# Dart frog and mourning gecko



## ANudibranch28 (Apr 24, 2021)

Hello all! I was just met with the opportunity of a free giveaway of mourning geckos and I was thinking about getting one. However, I would want to put it in my dart frog tank because I’ve heard they actually do quite well together. It is a 10 gallon exo terra 12x12x18 viv so I was wondering if there still would be enough space. Thanks!


----------



## fishingguy12345 (Apr 7, 2019)

Mixing dart frogs and mourning geckos is NOT a good idea. 

Your tank is already only the bare minimum size for any dart frogs, adding mourning geckos will not be a good idea. 

Each species of animals should have their own tank.


----------



## DendroJoris (Apr 13, 2021)

A 10 gallon is considered small for any species of dart frogs, let alone in combination with mourning geckos.
Personally I would refrain from putting them together.


----------



## ANudibranch28 (Apr 24, 2021)

Allright thank you both. I know it’s already minimum size but I’m honing to upgrade to a bigger exo terra soon


----------



## bssknox (Apr 24, 2017)

Even with a bigger tank I wouldn't. There's a reason they're free (imo). You'll have one or two and next thing you know you'll have 12.


----------



## eMCRay (Mar 24, 2020)

Would add - these kinds of geckos can reproduce without a mate as well... so even if you just get one you'd have that issue.

The smallest enclosure I would consider for mixing darts and geckos is at least 3-4 foot high... and then only with a terrestrial dart frog and a non-quickly reproducing gecko. You can easily fit two separate vivariums into that space and will have a lot less work and worry...


----------



## fishingguy12345 (Apr 7, 2019)

eMCRay said:


> You can easily fit two separate vivariums into that space and will have a lot less work and worry...


This sums it up. Why take on extra work and worry? Separate tanks for each species = least work and risk.


----------



## lork-the-mighty (May 11, 2021)

That tank may be big enough for 2-3 mourning geckos alone, but that's it.

I have mourning geckos with my leucomelas male in a 90x45x60. They don't mind eachother at all, but they have a lot of space to avoid one another.

Mournings are fun, but like some others said they breed out of control (luckily I haven't been struck yet) and they're not as pretty as other small geckos, like klemmeri day geckos.

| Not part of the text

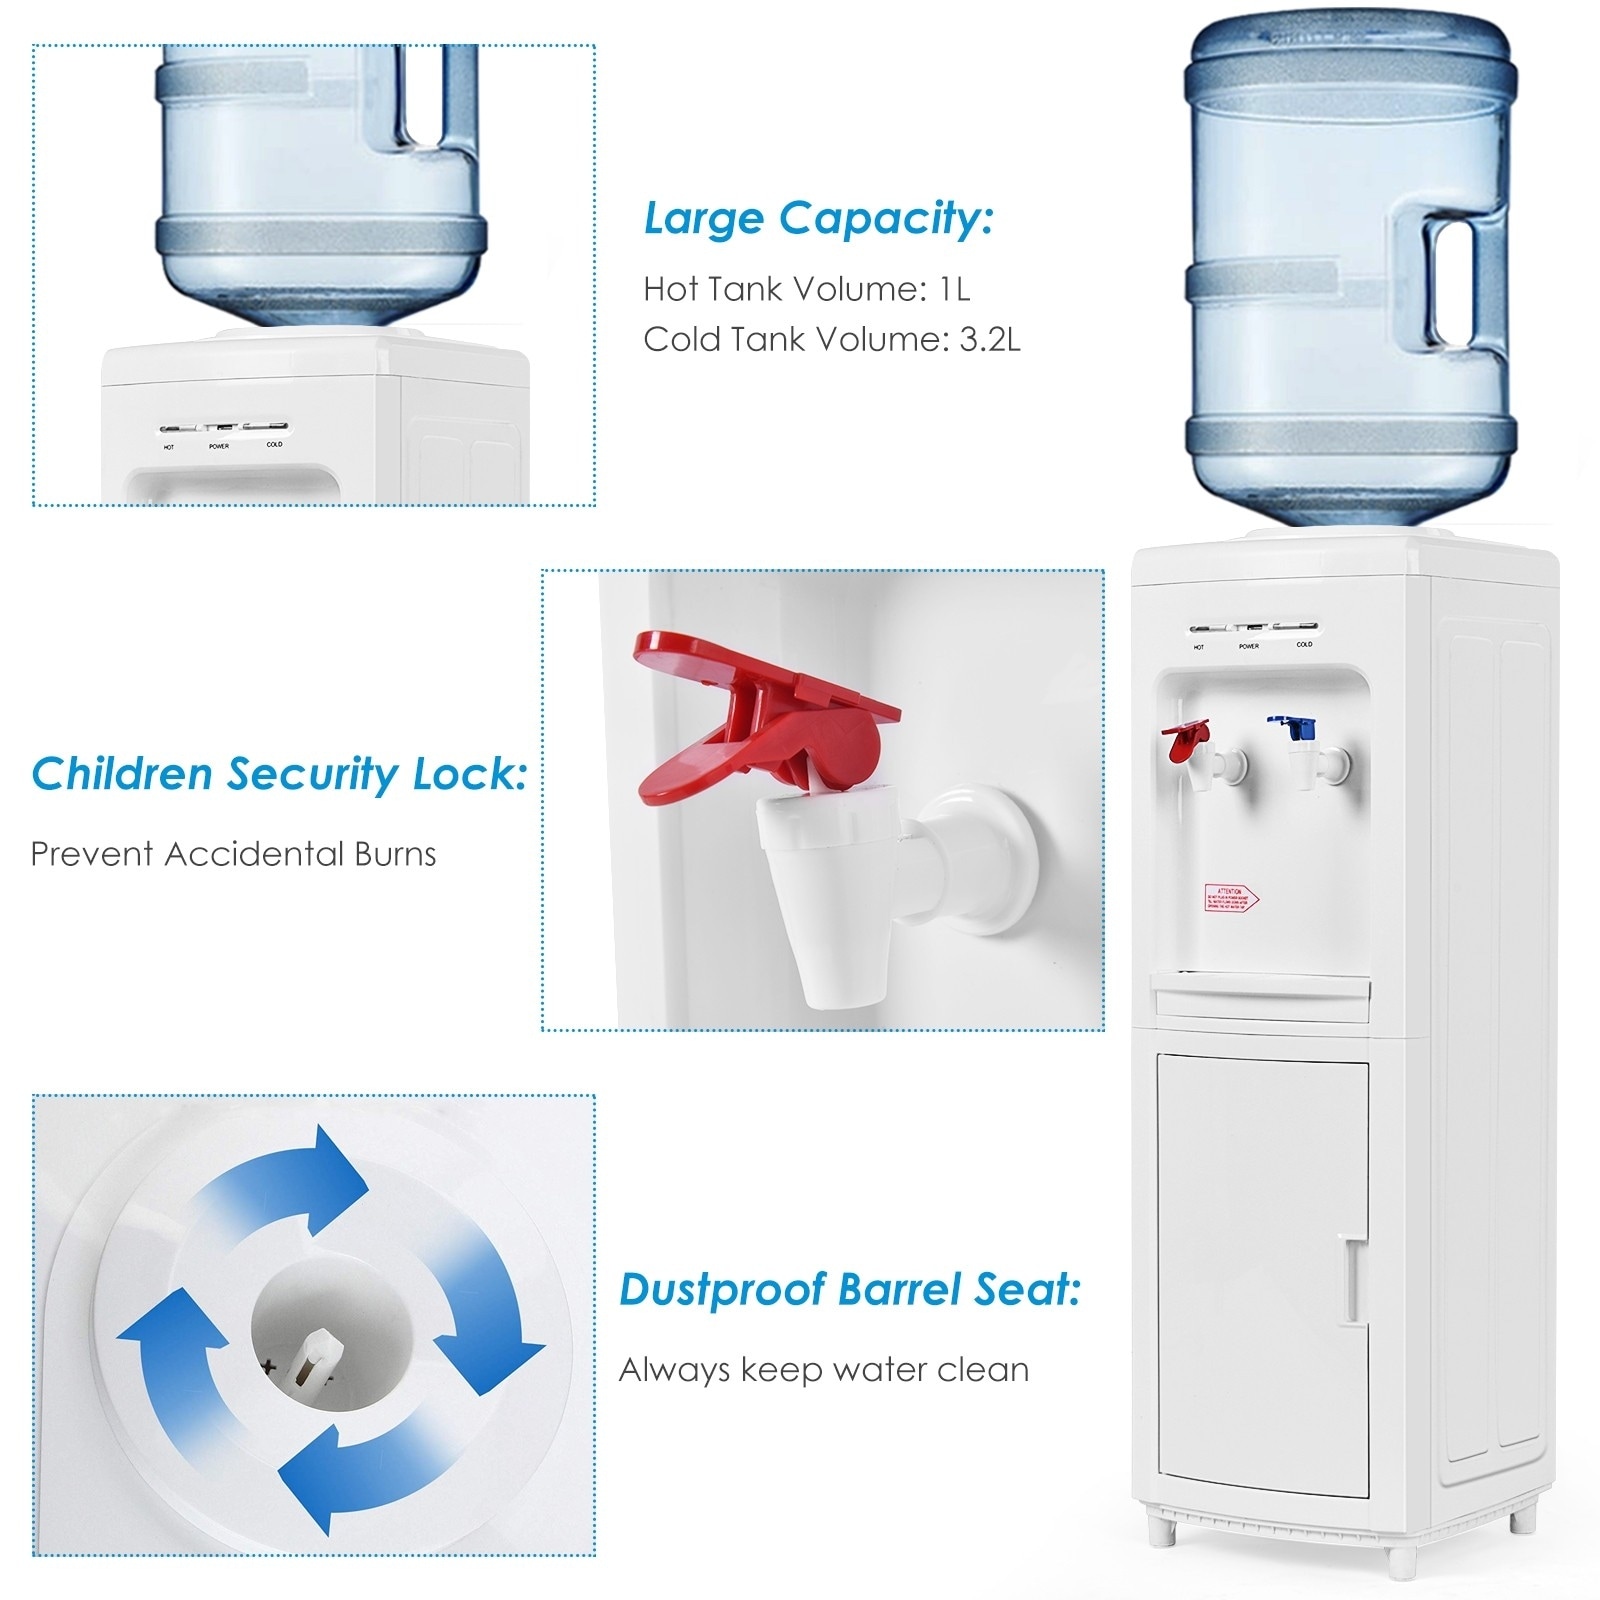 https://ak1.ostkcdn.com/images/products/is/images/direct/a74d1113d3ab0fa9d6197b04d65d864a3dcb3f73/5-Gallons-Cold-and-Hot-Water-Dispenser.jpg

Best is to keep animals in seperate enclosures.


----------



## Socratic Monologue (Apr 7, 2018)

Search bar up top: "mixing". Read 'til eyes hurt. If the idea to house those animals together still makes any sense, read it all again.


----------



## F35 (May 25, 2021)

I have already mourning and vitattus almost 1 year.
I dont have any problem with them in 60x45x45 
They like be in one tube.
When frogs go on travel the mournings stay sleep.


----------



## Kmc (Jul 26, 2019)

Almost a year in time is about when many keepers relax some vigilance in their assurance single sp project is sound. But it is only the beginning and not anywhere a litmus of success outcome.


----------



## Kmc (Jul 26, 2019)

My anurans seem to take their rest quite seriously. 

I am a distal Giant with a dulled awareness of the complexities of their limited comforts and choices. 

They live in a Box, because of my want. If I am to err, it will be on the side of courtesy to them.


----------